Listening to some favourite old tunes

(Fats Domino, Elvis, then ‘Moon River’…)

I remember gazing out our window

high on a hilltop overlooking the silent town


down to a moonlit river – that wide, stilled

confluence the town was built around –

darkened but known, the light a straight path 

across the dim surface. I thought I might take it, some day.


That was 69 years ago; I was 14. The next year

separated me forever from my town and my home river. 

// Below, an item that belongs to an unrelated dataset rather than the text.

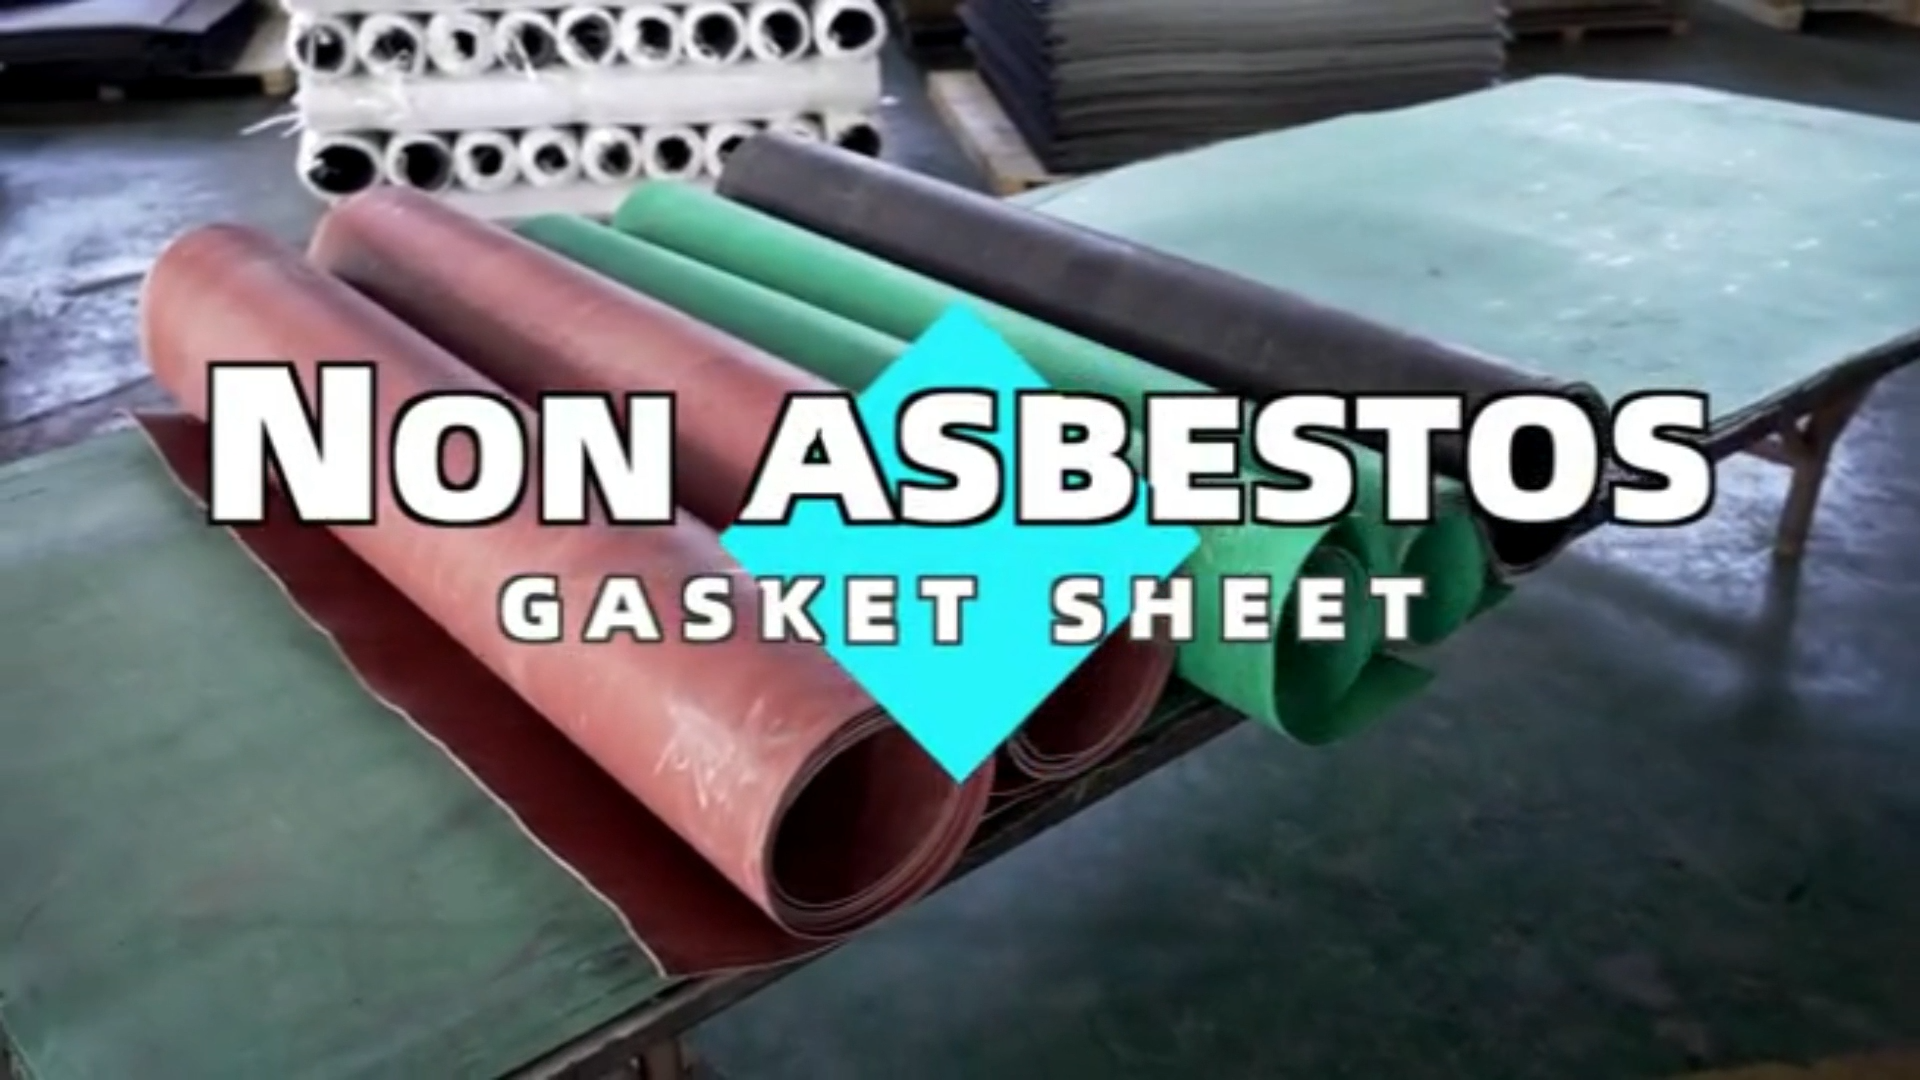 Green non asbestos rubber sealing gasket sheet1

I am sharing this with Poets and Storytellers United for Friday Writings #81 where I invite people to write about the city or cities they dream of – in whatever way.


When I was growing up in Launceston, Tasmania (pictures here) I experienced it as a small town, but have since learned it was already classified as a city long before I was born.


I don't want to live in Launceston again – far too cold for me now – but for many years I did dream of its scenic beauty and small-town feeling ... until I found a town with similar qualities in the sub-tropics, where I have now lived a lot longer. But I can still get nostalgic, as you see.





27 comments:

  1. That is sooo clever, a "My Book of Days 2023". Being separated from the town of your youth comes hard, doesn't it. I try to keep up with my high school class, 48 graduated. There were eight that came to our Class of 1951 70th reunion. Just a very few didn't attend, I did not. Since then at least three more have died.
    ..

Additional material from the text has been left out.